沈清弦心中一动,北狄正式求和?这或许就是萧执说的“东风”?和谈一起,漕运、河工的稳定就更显重要,而其中的猫腻,也更容易成为攻讦的借口。
“这是好事,边关将士可暂得喘息。”沈清弦平静道。
“好事是好事,可就怕有些人借此生事,又拿军费说事,卡你的脖子!”谢云昭愤愤道,“清弦,若有难处,定要告诉我!我虽在兵部,也能替你……”

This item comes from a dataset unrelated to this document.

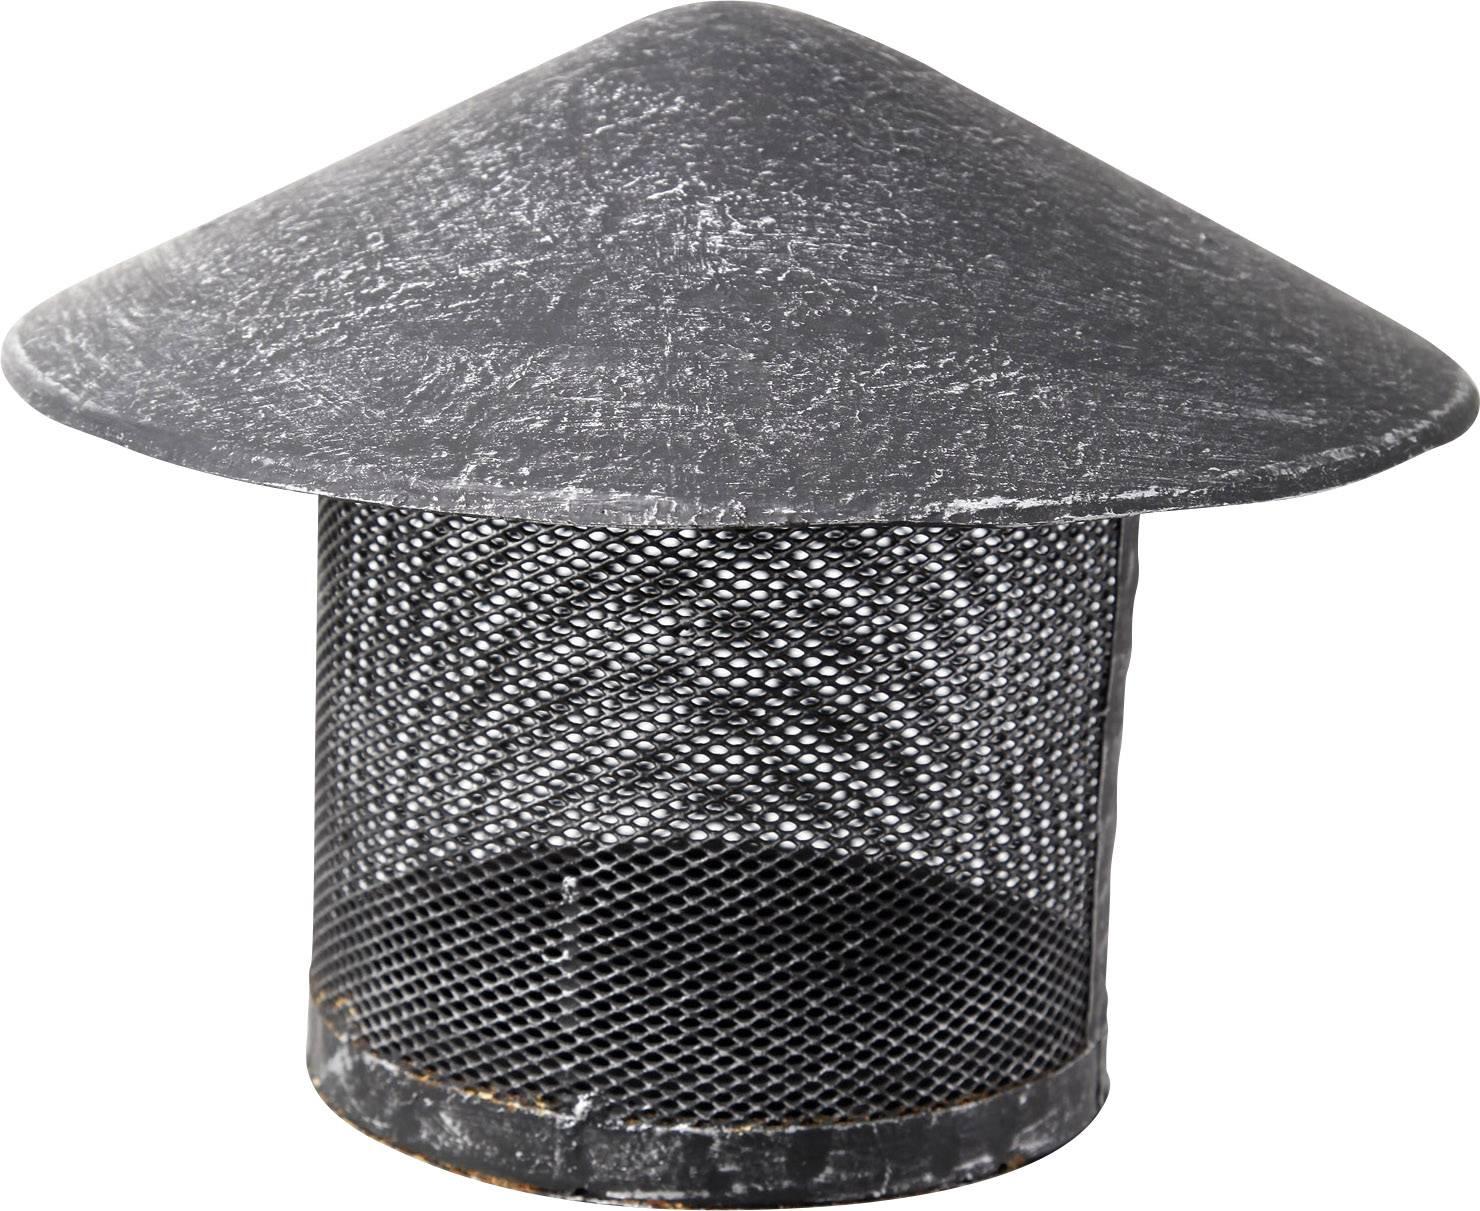 Feuerstelle Garten Rund : Feuerstelle garten elegant tisch mit feuerstelle garten

“云昭,”沈清弦打断他,语气温和却坚定,“你的心意我明白。但工部之事,我自有分寸。此时你我不宜过往甚密,以免落人口实。”
谢云昭怔了怔,眼中闪过一丝失落,但很快被理解取代:“我明白……你是对的。总之,你万事小心!”他深深看了她一眼,这才转身大步离去。
看着谢云昭挺拔的背影,沈清弦心中微叹。他的关心真挚而热烈,如同阳光,让她温暖,却也让她感到压力。而萧执的相助,则像夜色中的月光,清冷,莫测,却总在她迷途时,照亮前路的一角。这两种截然不同的情感,让她心绪纷繁。